*** Opening of AVAILABLE DATA ***
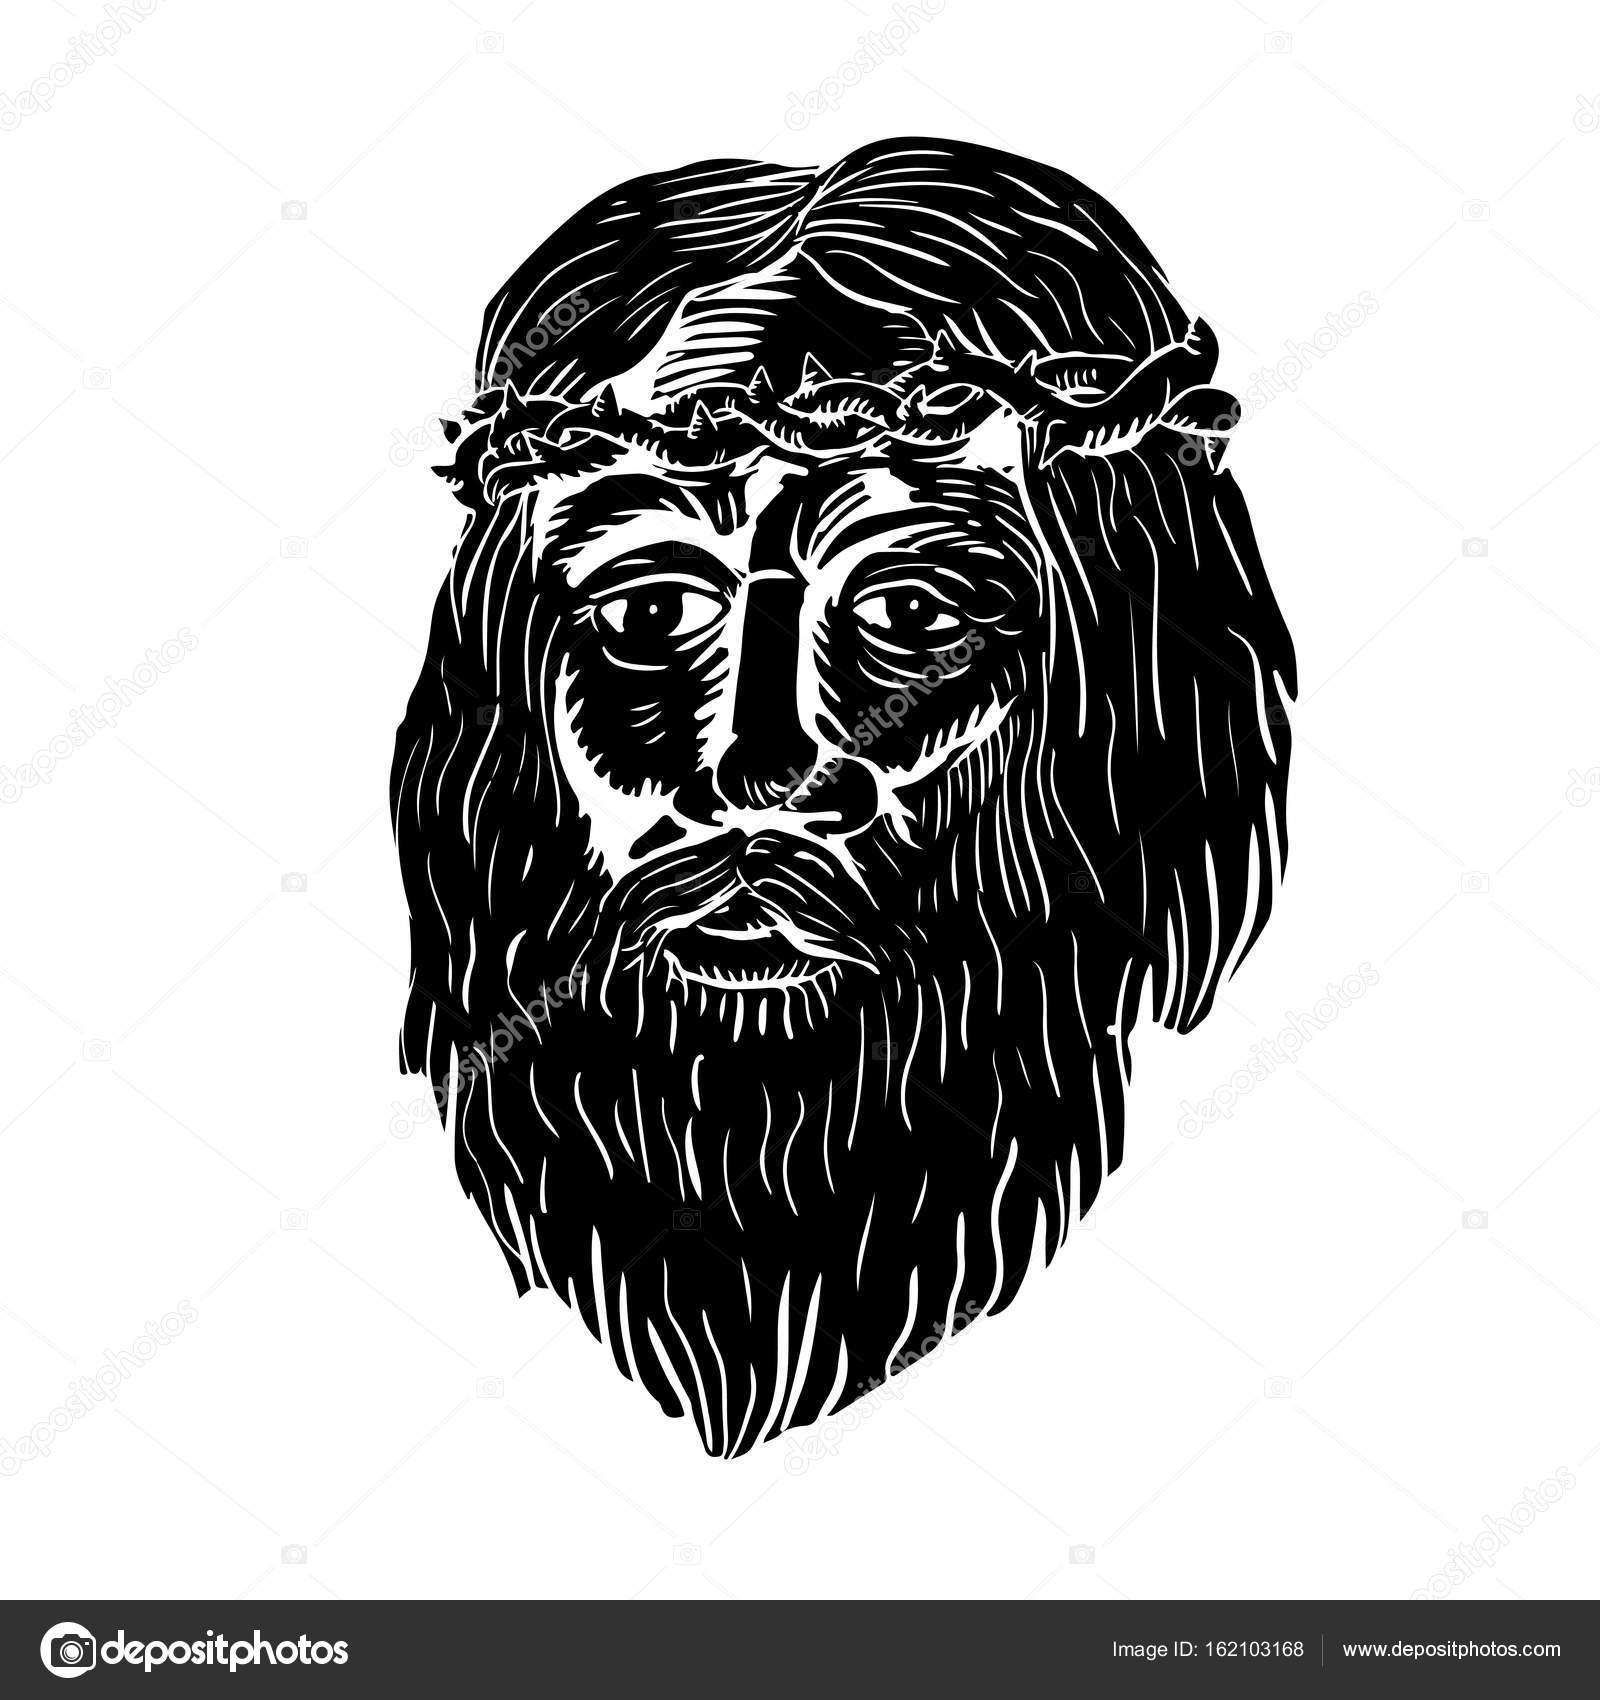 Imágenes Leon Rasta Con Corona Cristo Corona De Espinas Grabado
*** Close of AVAILABLE DATA ***
*** Opening of AVAILABLE DATA ***
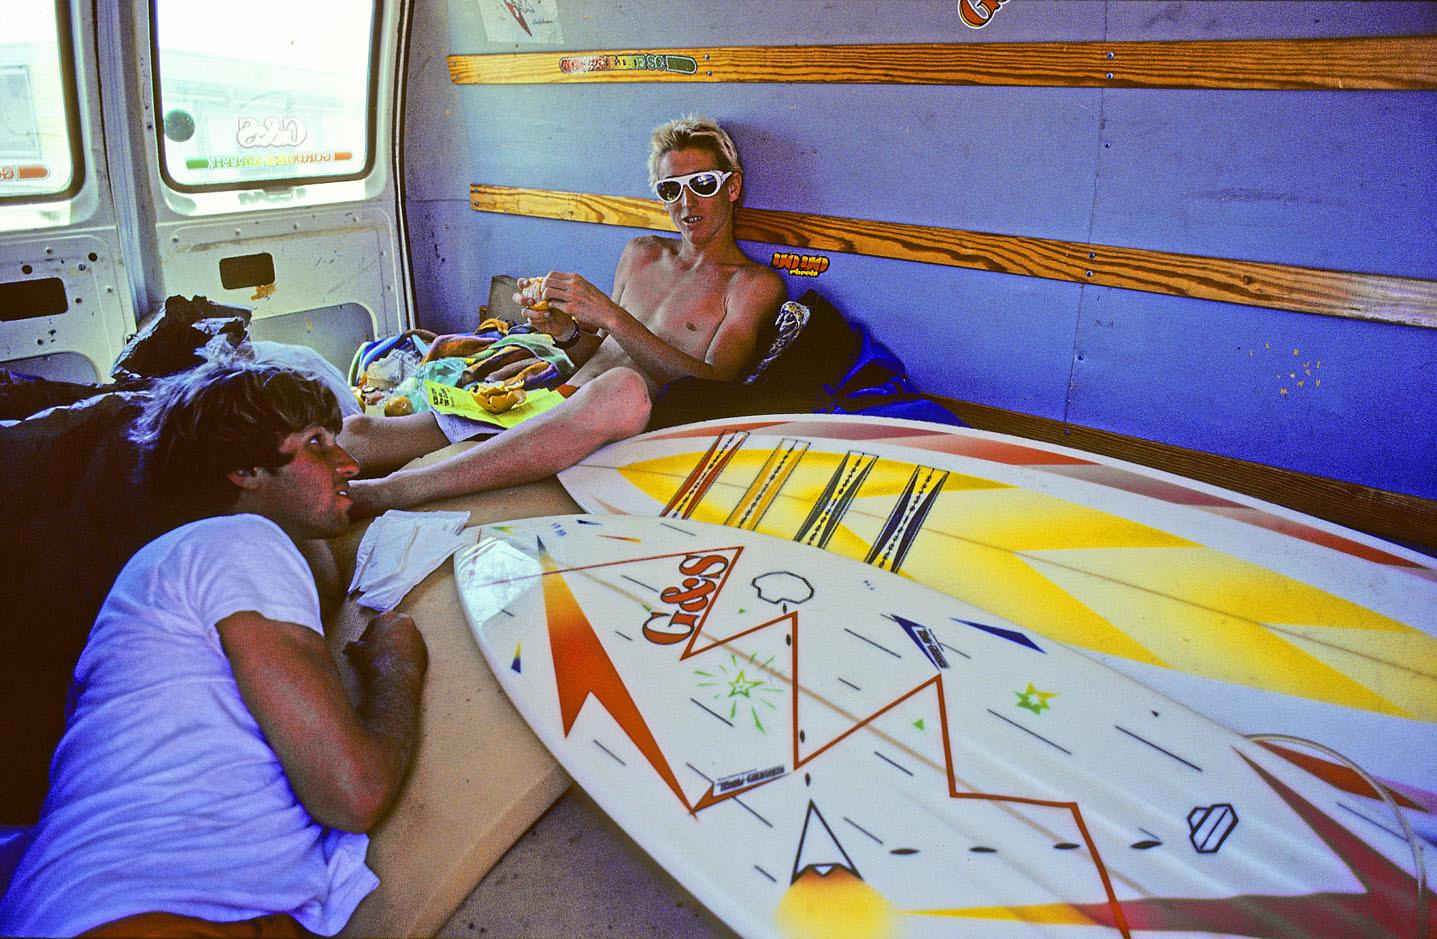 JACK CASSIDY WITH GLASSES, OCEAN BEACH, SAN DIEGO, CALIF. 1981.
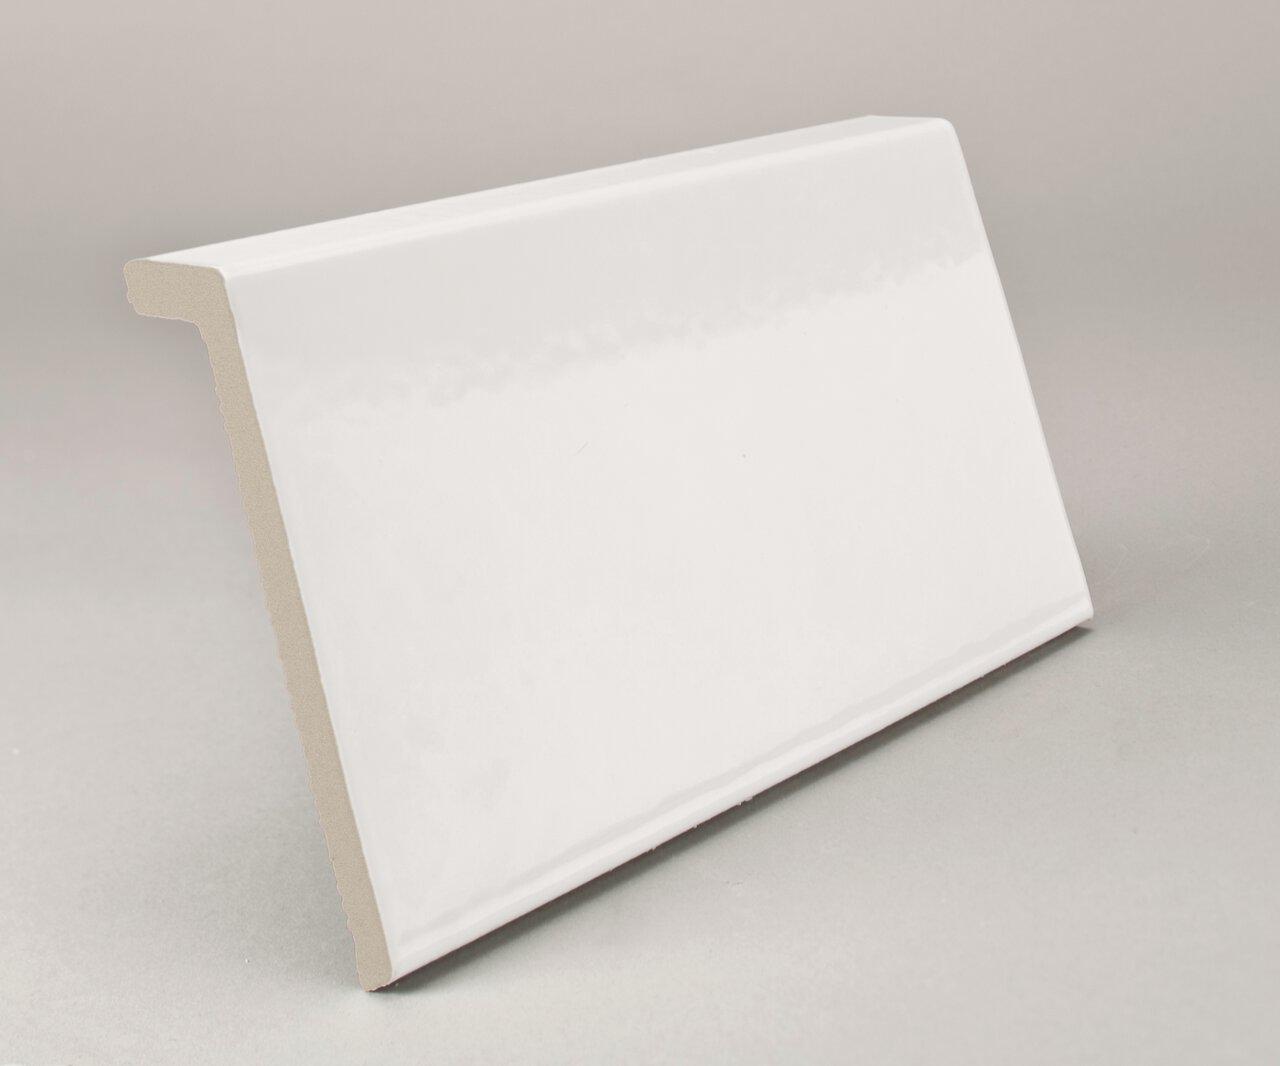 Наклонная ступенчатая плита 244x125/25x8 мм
*** Close of AVAILABLE DATA ***
▶ **ABOUT THIS TASK**
Look above for the line containing "JACK CASSIDY WITH" and the line containing "Наклонная ступенчатая плита 244x125/25x8 мм", then reproduce both and everything between them exactly, pictures omitted.

▶ **RESULT**
 JACK CASSIDY WITH GLASSES, OCEAN BEACH, SAN DIEGO, CALIF. 1981.
 Наклонная ступенчатая плита 244x125/25x8 мм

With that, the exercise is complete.